For more information, see the sample below.
The dialog class
The dialog class only need two methods to be declared:
- open() This method is called to open the dialog shell and show the dialog to the user
- setRepository() This method is called by Kettle to pass the repository to the dialog so that additional repository objects can be referenced from within the dialog. (database connections, partitioning schema and so on)
For more information on how to program a dialog, see elsewhere in the PDI SDK pages or on the Internet. Look for Eclipse platform SWT code snippets.
You should annotate your partitioner class with the @PartitionerPlugin annotation to signal to the Kettle plugin registry that this plugin needs to be loaded at startup.
Then compile the 2 classes and put them in a jar file. Place that jar file in the plugins/steps (steps is not a typo!) folder or sub-folder
If you need additional libraries to be included in the class path of the plugin you can place them in a lib sub-folder next to the plugin jar file.
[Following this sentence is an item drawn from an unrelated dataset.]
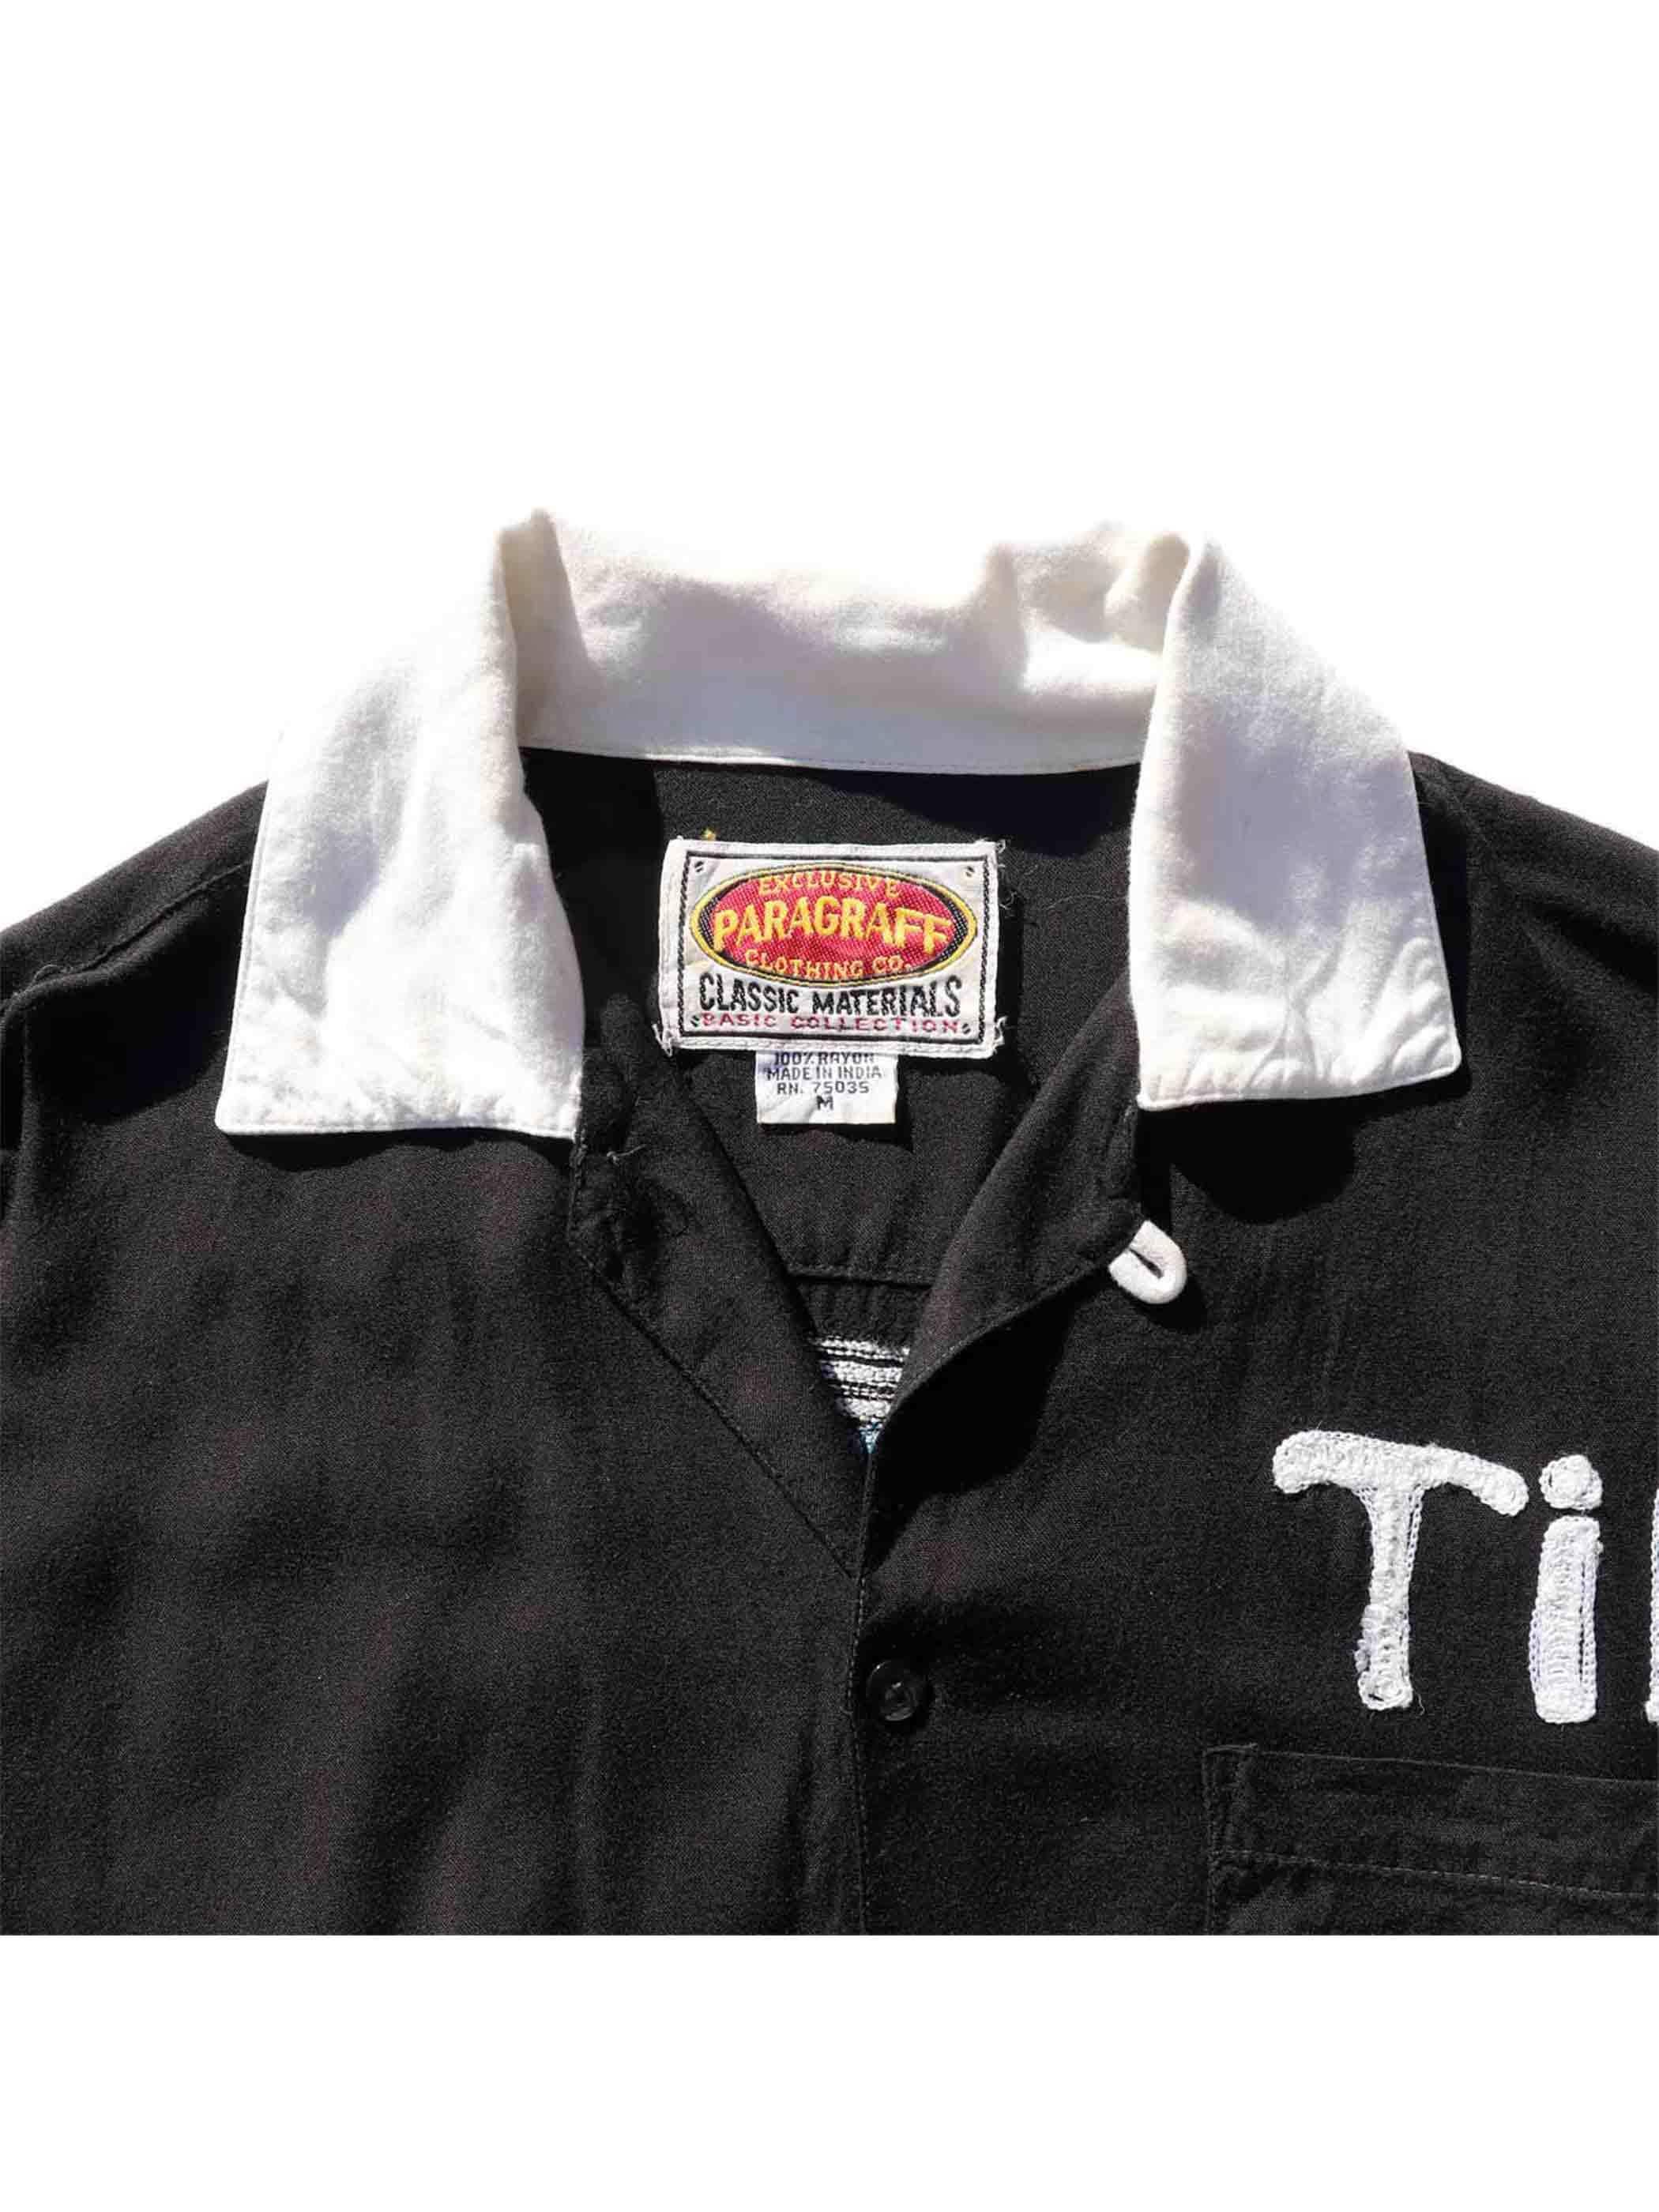 "90's PARAGRAFF ""MADUROS FUNERAL HOME"" Black Bowling Shirt [M]"
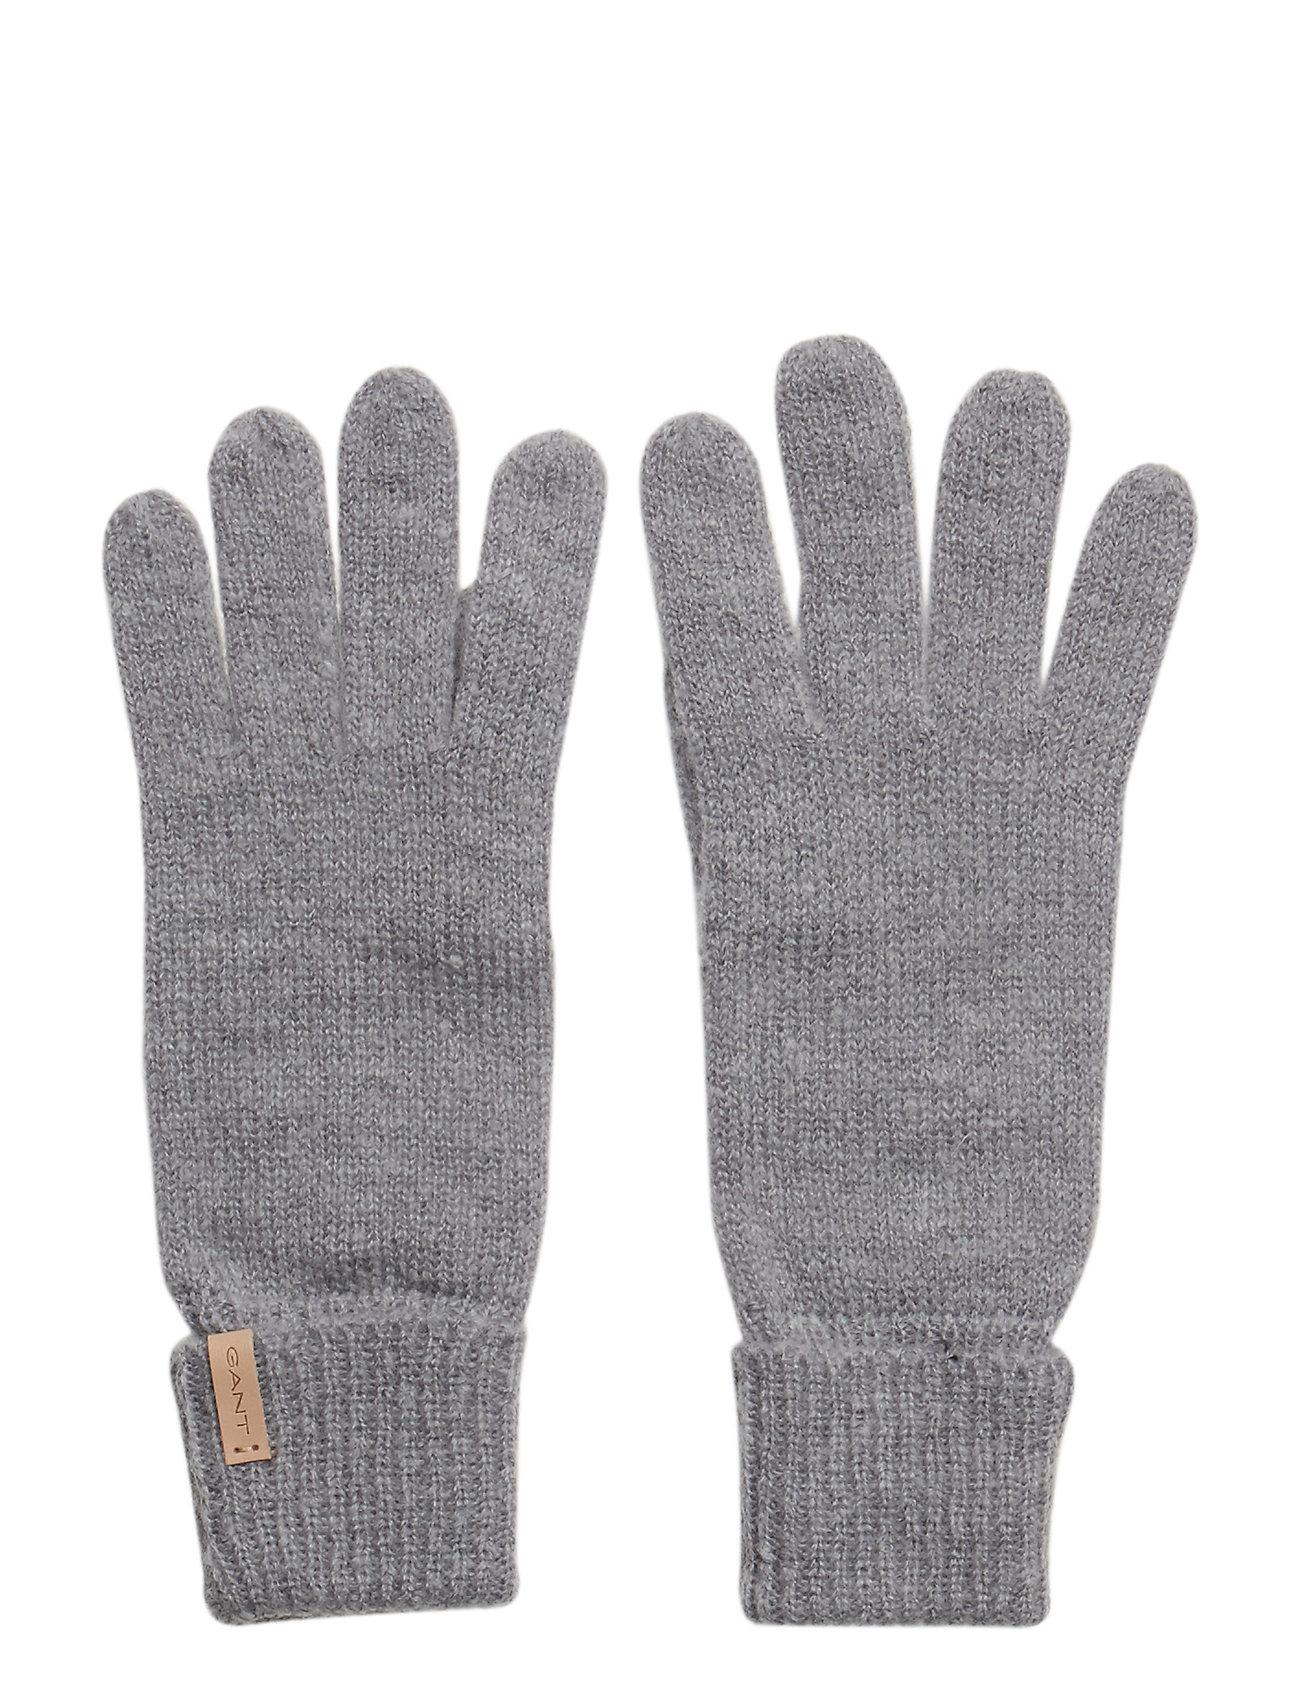 Image of O1. Knitted Gloves Handsker Grå GANT (3105944067)

See the source code of the Hour partitioner plugin:
The Partitioner class: HourPartitioner.java
The Dialog class: HourPartitionerDialog.java
The hour partitioner takes the name of a file to partition on. The name of the file contains the hour on which the data was captured and we want to use this to partition on. For example: Weblogs-20100329-23.txt This partitioner takes the 23 from the filename, turns it into an integer and calculates the remainder of the division by the number of partitions in the partitioning schema.